Regulation of Pleiotrophin, Midkine, Receptor Protein Tyrosine Phosphatase β/ζ, and Their Intracellular Signaling Cascades in the Nucleus Accumbens During Opiate Administration

Daniel García-Pérez 1,, María Luisa Laorden 1, María Victoria Milanés 1
PMCID: PMC4772269  PMID: 26164717

Abstract

Background:

Most classes of addictive substances alter the function and structural plasticity of the brain reward circuitry. Midkine (MK) and pleiotrophin (PTN) are growth/differentiation cytokines which, similarly to neurotrophins, play an important role in repair, neurite outgrowth, and cell differentiation. PTN or MK signaling through receptor protein tyrosine phosphatase β/ζ (RPTPβ/ζ), leads to the activation of extracellular signal-regulated kinases and thymoma viral proto-oncogene. This activation induces morphological changes and modulates addictive behaviors. Besides, there is increasing evidence that during the development of drug addiction, astrocytes contribute to the synaptic plasticity by synthesizing and releasing substances such as cytokines.

Methods:

In the present work we studied the effect of acute morphine administration, chronic morphine administration, and morphine withdrawal on PTN, MK, and RPTPβ/ζ expression and on their signaling pathways in the nucleus accumbens.

Results:

Present results indicated that PTN, MK, and RPTPβ/ζ levels increased after acute morphine injection, returned to basal levels during chronic opioid treatment, and were up-regulated again during morphine withdrawal.
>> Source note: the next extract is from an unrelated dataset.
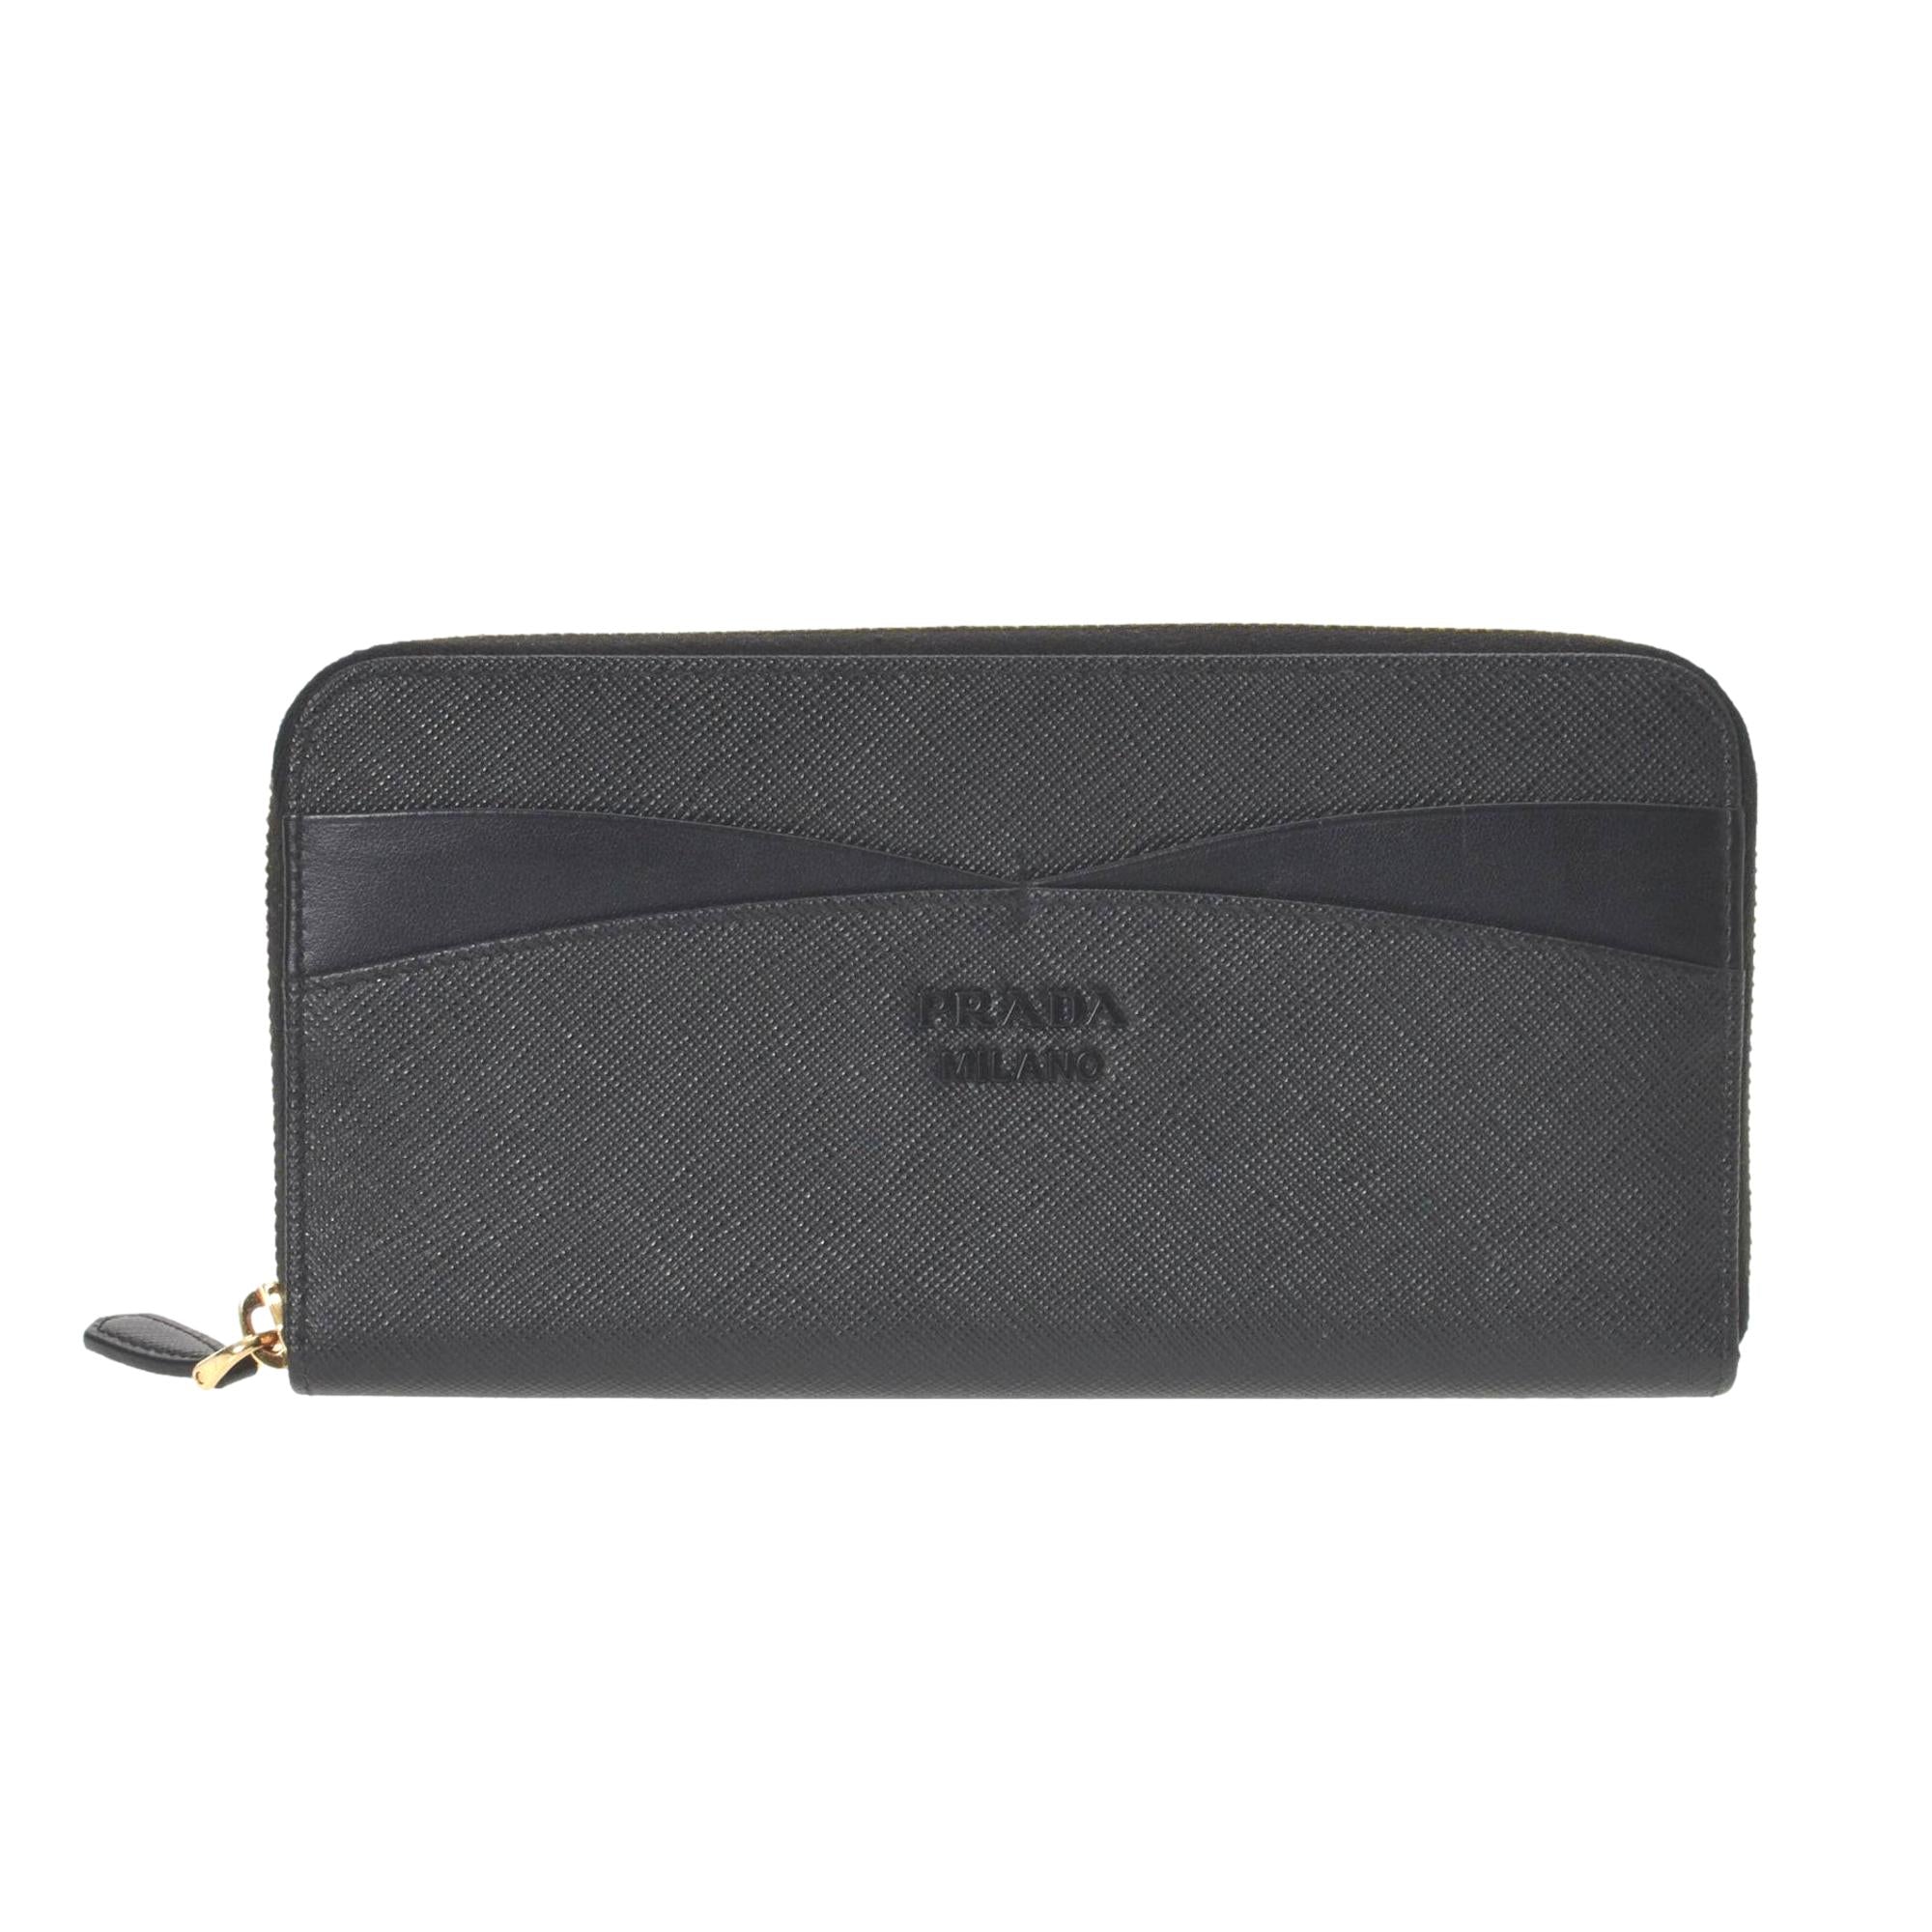 Black Large Saffiano Leather Wallet | PRADA

We also observed an activation of astrocytes after acute morphine injection and during opiate dependence and withdrawal. In addition, immunofluorescence analysis revealed that PTN, but not MK, was overexpressed in astrocytes and that dopaminoceptive neurons expressed RPTPβ/ζ.

Conclusions:

All these observations suggest that the neurotrophic and behavioral adaptations that occur during opiate addiction could be, at least partly, mediated by cytokines.

Keywords: Astrocyte, glial fibrillary acidic protein, midkine, morphine, pleiotrophin, withdrawal

Introduction

The action of many addictive substances converges on the mesolimbic dopaminergic reward pathway, inducing increased firing of dopaminergic neurons in the ventral tegmental area (VTA) of the midbrain and a subsequent increase of dopamine (DA) release in the nucleus accumbens shell (NAc shell; Di Chiara and Imperato, 1988; Ikemoto, 2007). Additionally, drugs of abuse produce widespread effects on the structure and function of neurons throughout the brain reward circuitry, which are believed to underlie the long-lasting behavioral phenotypes that characterize addiction (Russo et al., 2009). However, the molecular mechanisms regulating the neuronal remodeling are not fully understood yet.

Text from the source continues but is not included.